» **Work to be completed**
When you write out the listing below, keep each word exactly as it stands and drop the pictures.

» **Dataset extract**
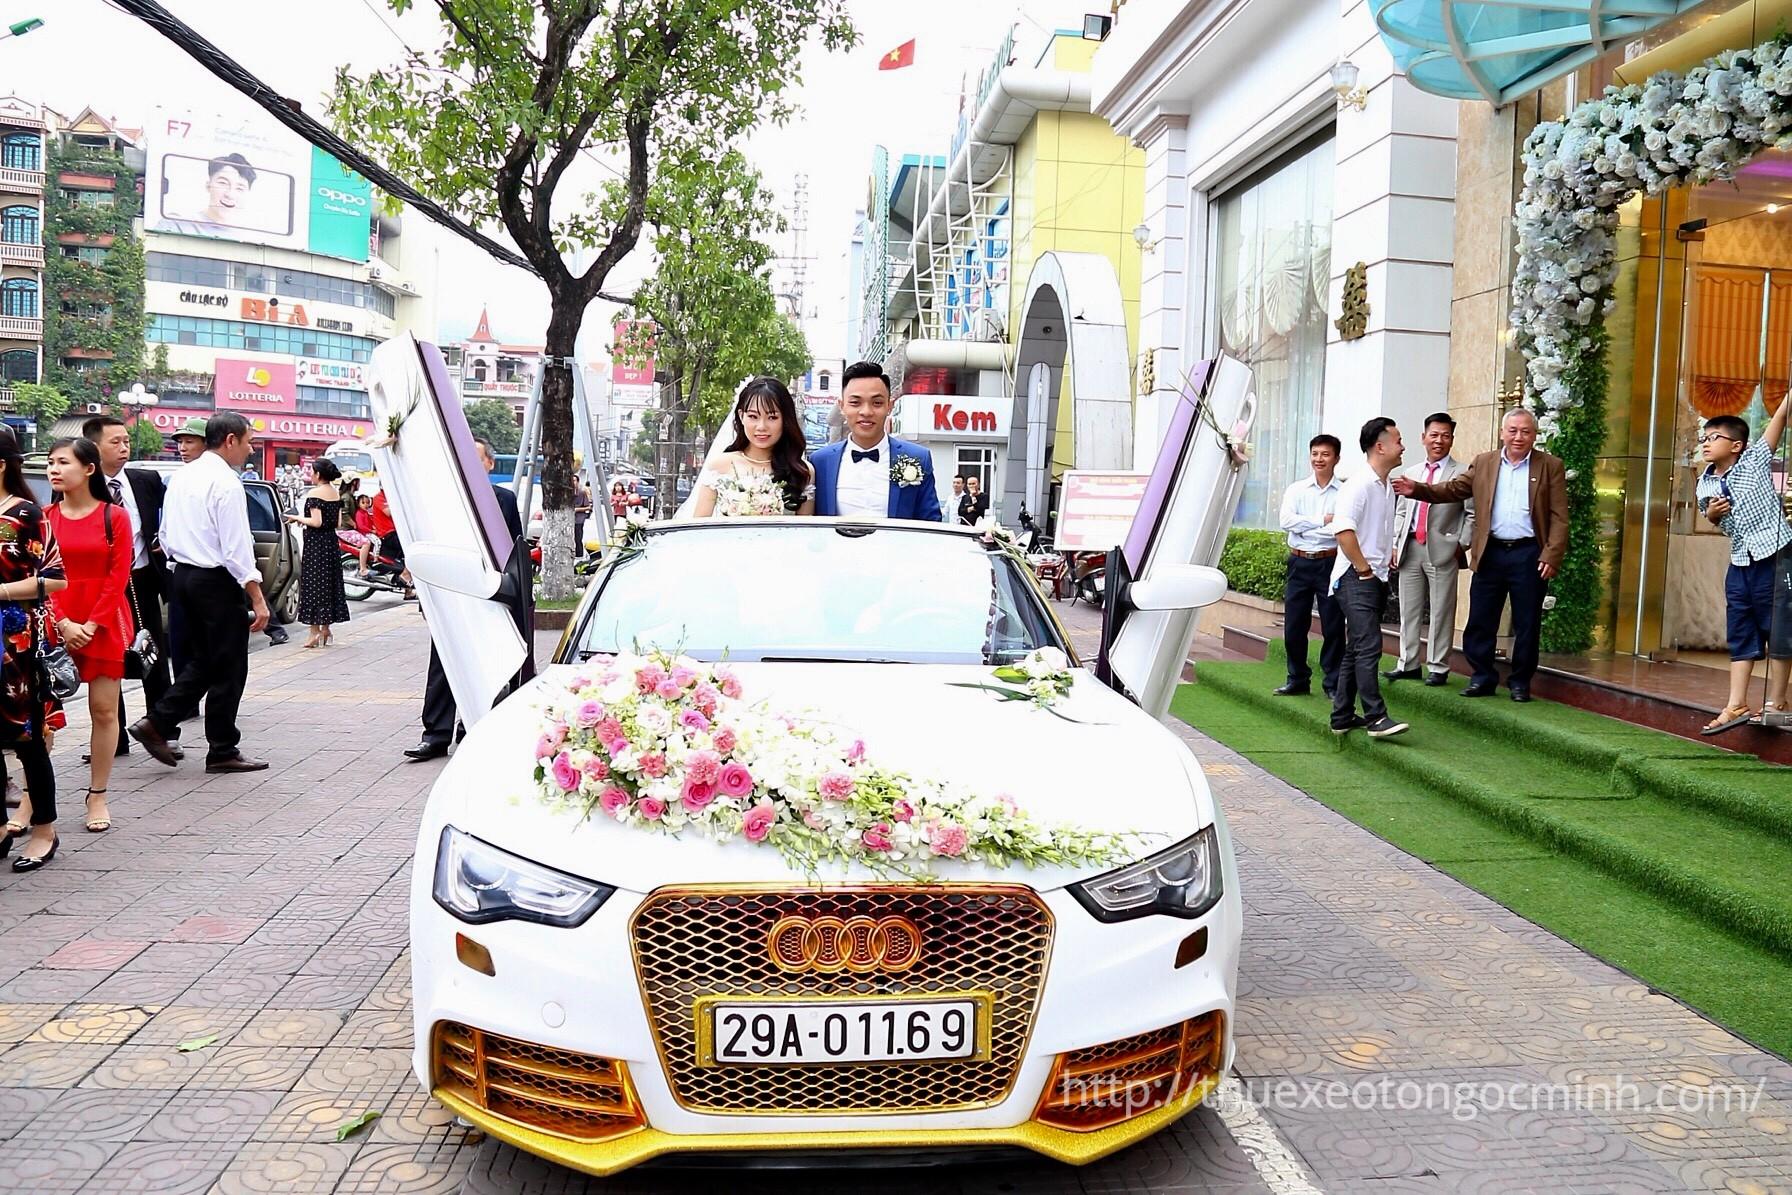 Thuê xe cưới audi tại Hà Nội
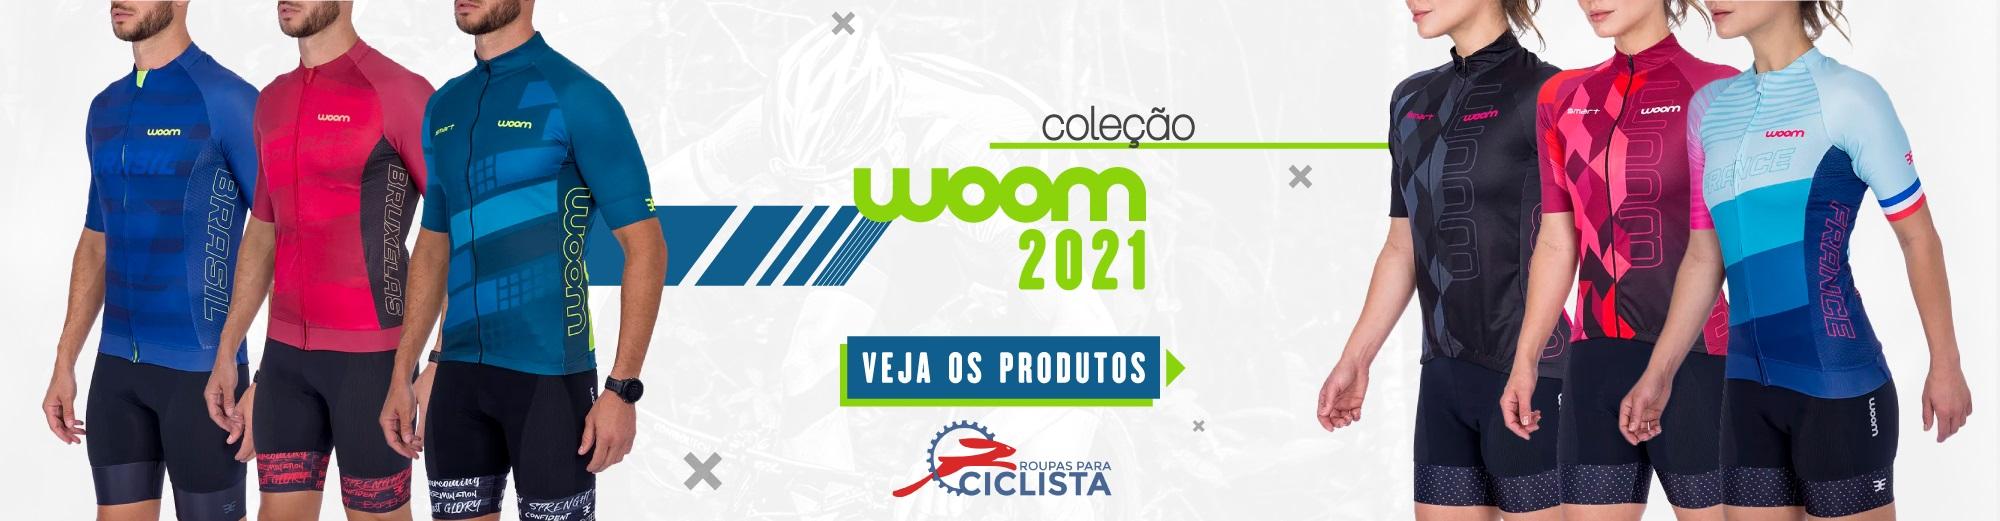 Woom 2021
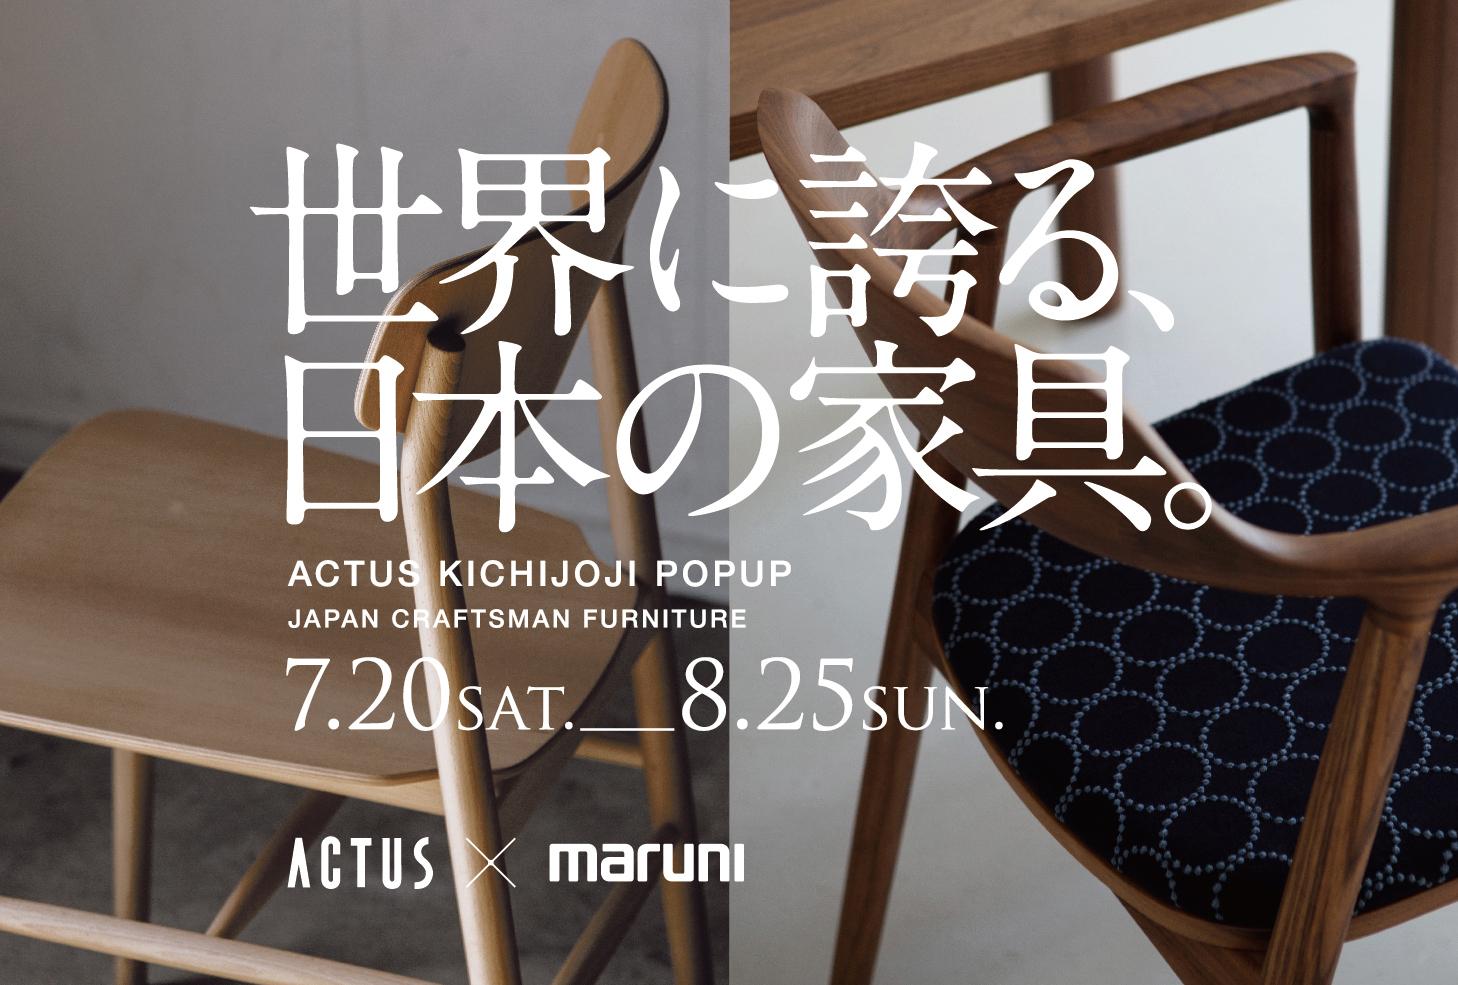 【ACTUS KICHIJOJI 1ST ANNIV】開催します!!!
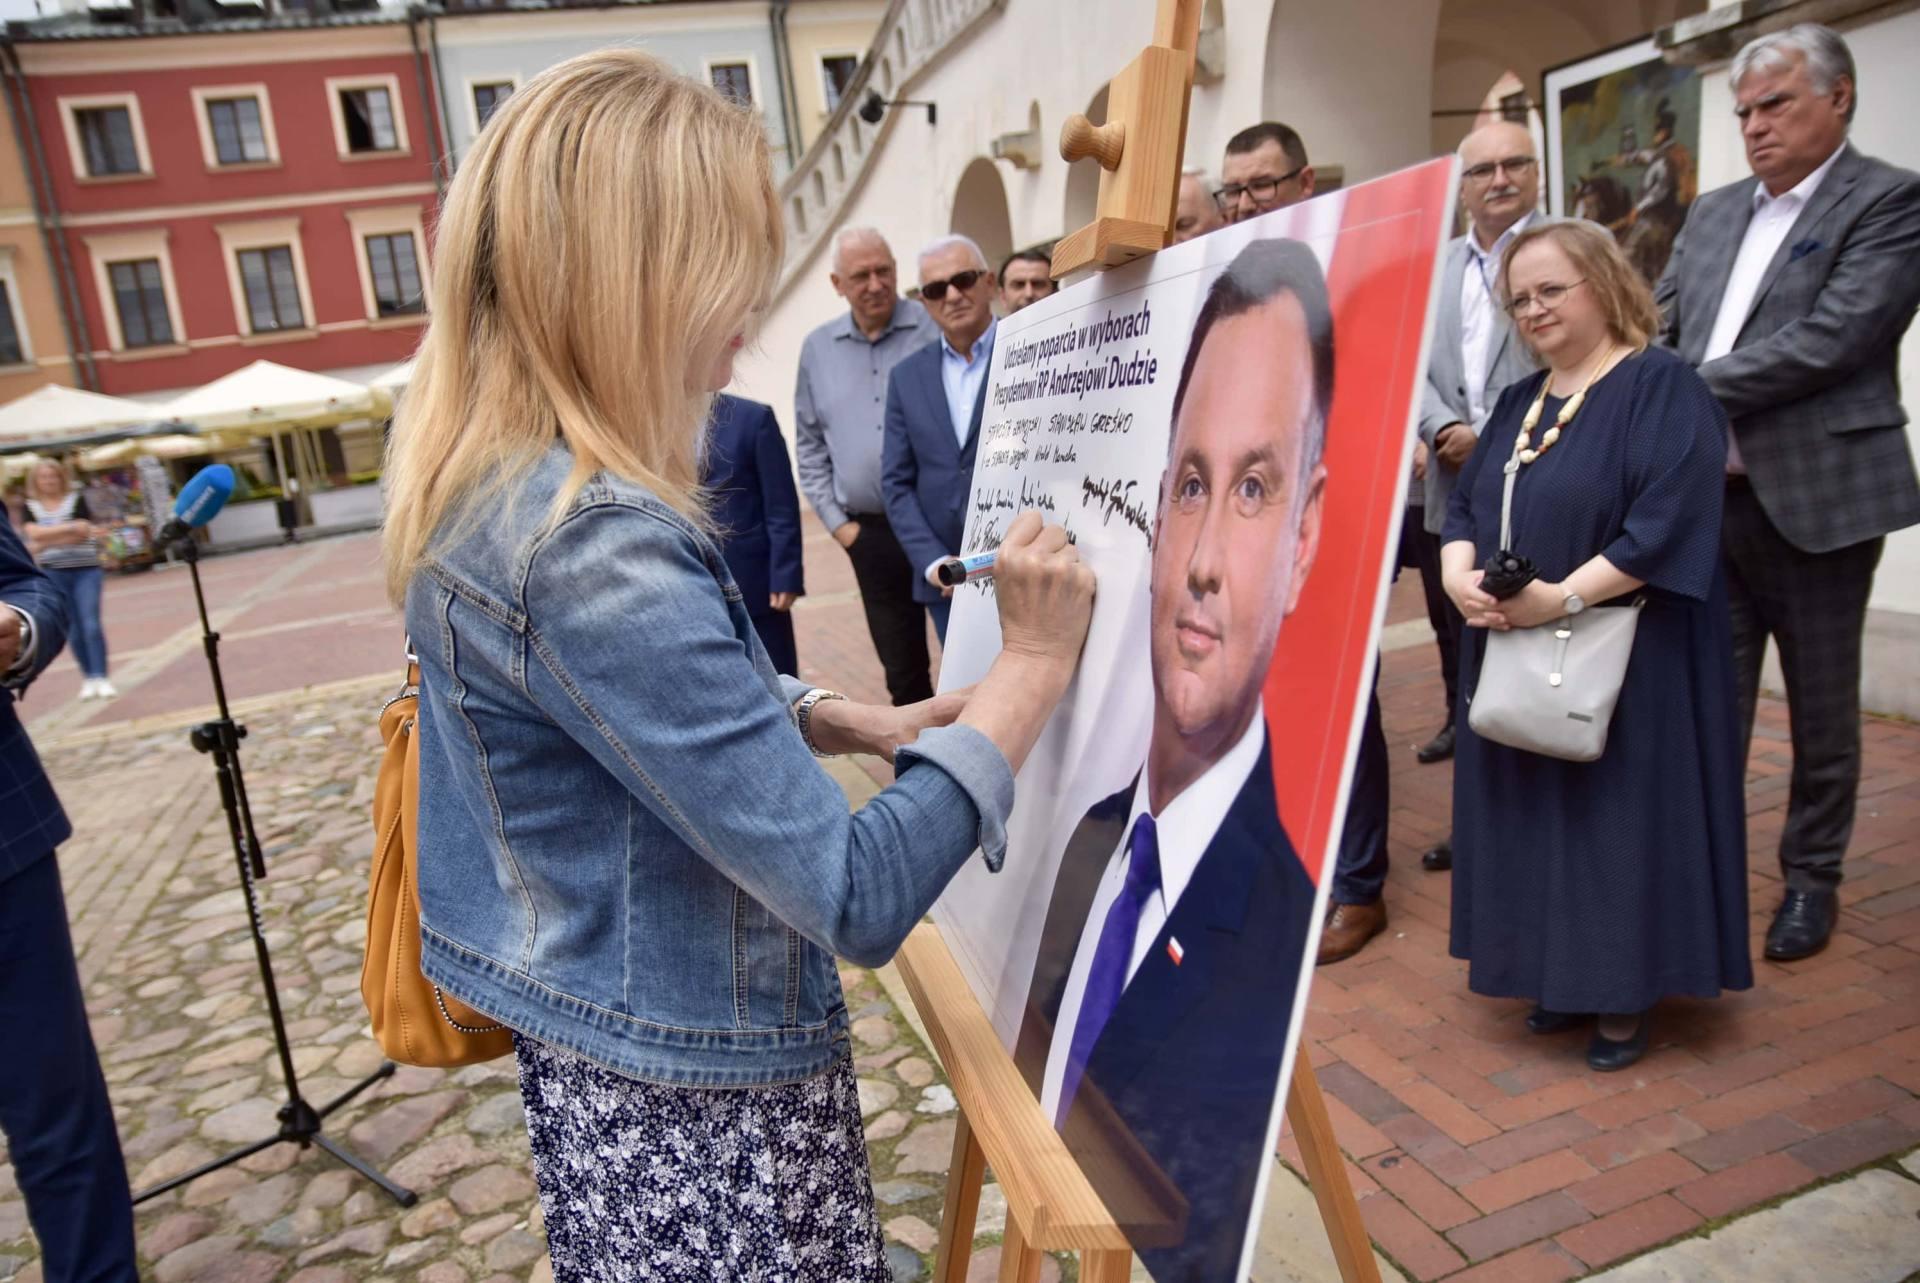 dsc 7782 Zamość: Udzielili poparcia prezydentowi Andrzejowi Dudzie

» **Output of the exercise**
 Thuê xe cưới audi tại Hà Nội
 Woom 2021
 【ACTUS KICHIJOJI 1ST ANNIV】開催します!!!
 dsc 7782 Zamość: Udzielili poparcia prezydentowi Andrzejowi Dudzie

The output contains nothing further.